One of the most constantly debated bread terms in kitchens around Ireland has to be about “Scawns” and “Scones”. My granny always said that although they were spelt the same, a ‘scawn’ of bread was the big one that you sliced with your tea and that the wee ones with jam on them for treats were the ‘scones’ ! I believe she may have had a point.
I love scones! I make them every other day or so just because I can. The kids love them and when someone drops in they’re great to have at hand.

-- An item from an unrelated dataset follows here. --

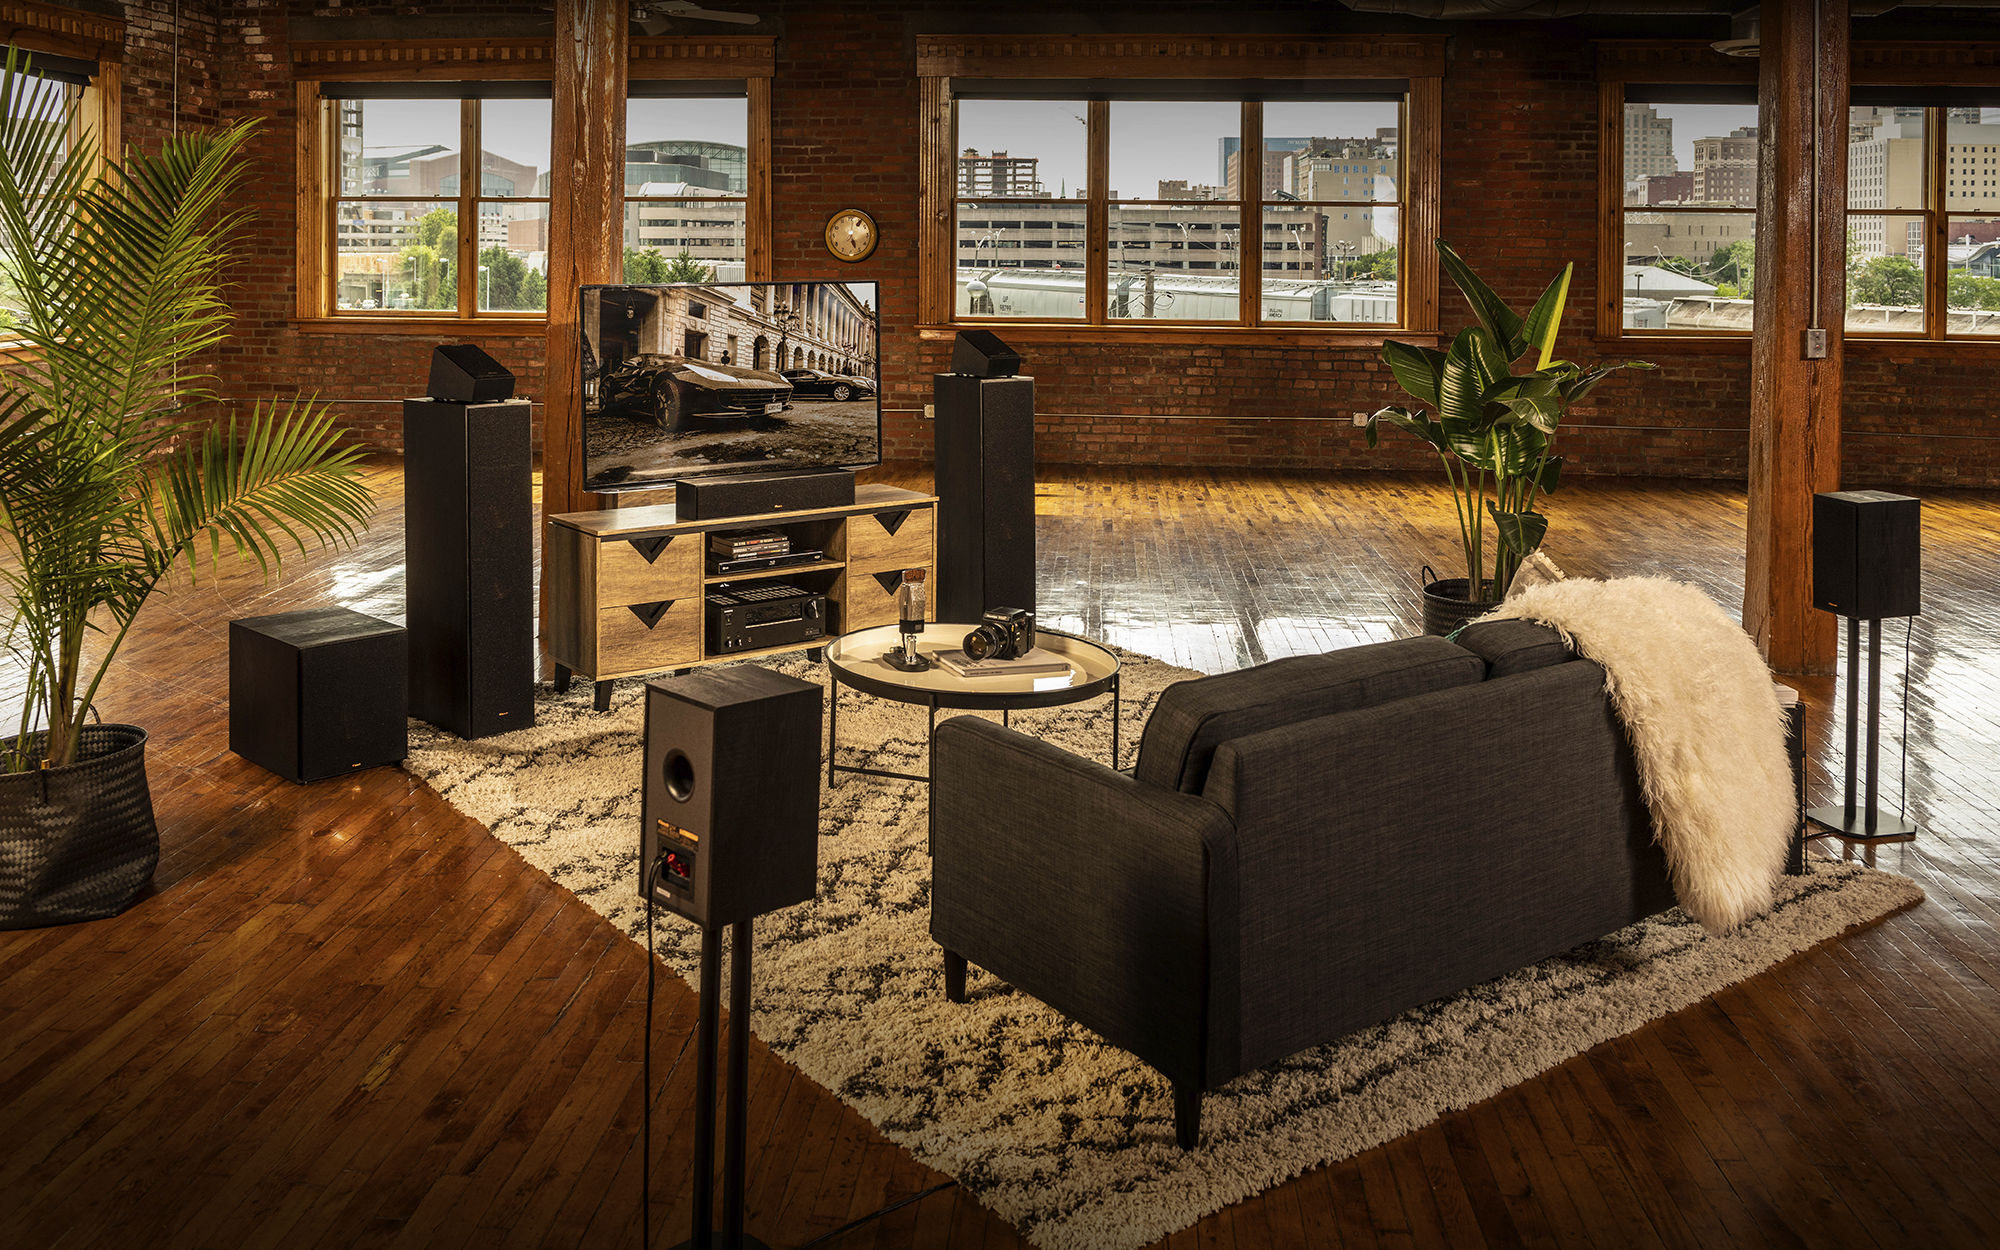 Klipsch speaker system with tv in living room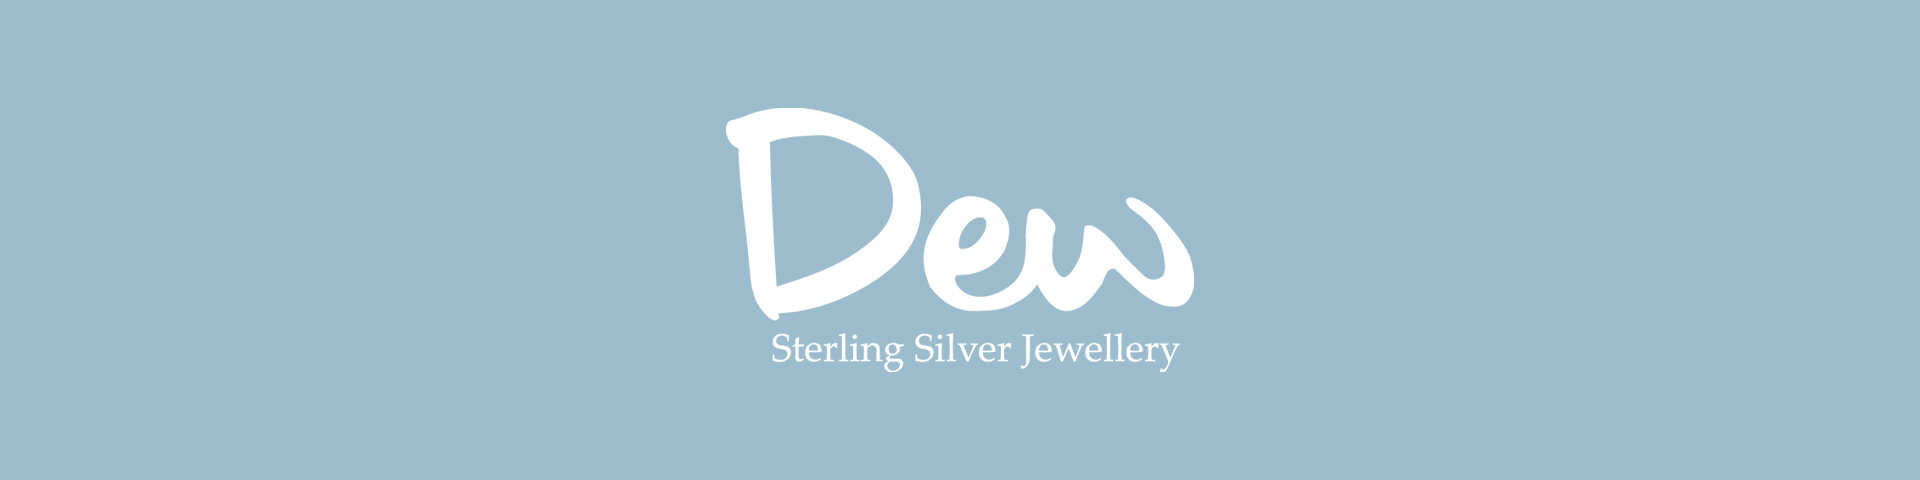 Dew Sterling Silver Jewellery logo

So here is a simple white Scone recipe that anyone can make and that has never let me down – famous last words says he…
500g Plain flour
125g real butter
tspn baking powder
2 fresh eggs at room temperature
200ml water + 50ml milk mixed together
1. I never sieve the flour and stuff – instead I put the flour, baking powder, salt and sugar into a bowl and using a balloon whisk, I whisk the dry ingredients together for a couple of seconds. This combines the ingredients well and introduces air into the mix.
2. Now add the butter and rub it into the flour with the palm of your hands so as to get it in fast with no messing about with the “tips of your fingers” as they teach you in most recipe books! Whisk it all again for a few seconds. At this stage if you want to add currants, raisins, chopped cherries, seeds or even mixed peel into your scones do it now, but make sure you sprinkle a little flour over the fruit and toss them around in it to help them to sit in the dough and not sink to the bottom of the finished scones.
Break the two eggs into the flour and pour in ¾ of the water and milk mix.
I say ¾ only because you can always add more but you can’t take it out. Making bread and pastry to a recipe that you swear by has only one real outside force that can govern your result and that, strangely enough, is the weather! Well, really it is the atmosphere and the amount of moisture in the air on the day. That is why you never add the given amount of liquid to a mix – add it as it is needed is the golden rule.
Back to the mix.
3. Using a wooden spoon or your hand pull the flour into the wet ingredients and mix it all together for a minute or so keeping your hand light so as to not make the dough heavy! Add the rest of the liquid if needed. The dough should be soft, like a pillow, to the touch.
4. Sprinkle a little flour over the dough and pull it together in the bowl with your hand. Tip it out onto your worktop with a little more flour sprinkled on it.
Making scones and all other soda-type breads is totally different to a yeast bread mix. The secret to scone bread dough is to be fast and light. When kneading this type of dough you are only pulling it into shape for cutting – nothing else. So knead for a few seconds pulling the dough to the centre from the edges until you have it nice and smooth on the bottom. Now turn it over.
5. Roll out the dough gently until it is about 3cm thick. Cut out your scones with a 70mm cutter which is about the same width as an average water glass or half pint glass. This gives you a scone of a good size not a wee picky thing!
Beat an egg with a little milk, about equal amounts, and brush over the top of the scones. What this does is to simply glaze the top of the bread which gives a lovely colour to the finished scones.
6. Place the scones on to a Baking tray. I do not grease, butter or flour the tray when making scones – it is not needed and serves no purpose! Pop the scones in a pre-heated oven at 190ºC, Gas 5 for 14 -16 minutes until golden and hollow-sounding when you tap them on the bottom. Done.
|These scones have a handful of milled organic Flaxseed & raisins added
Wheaten scones and the many variations of them are nothing to be scared off! But that’s for another day.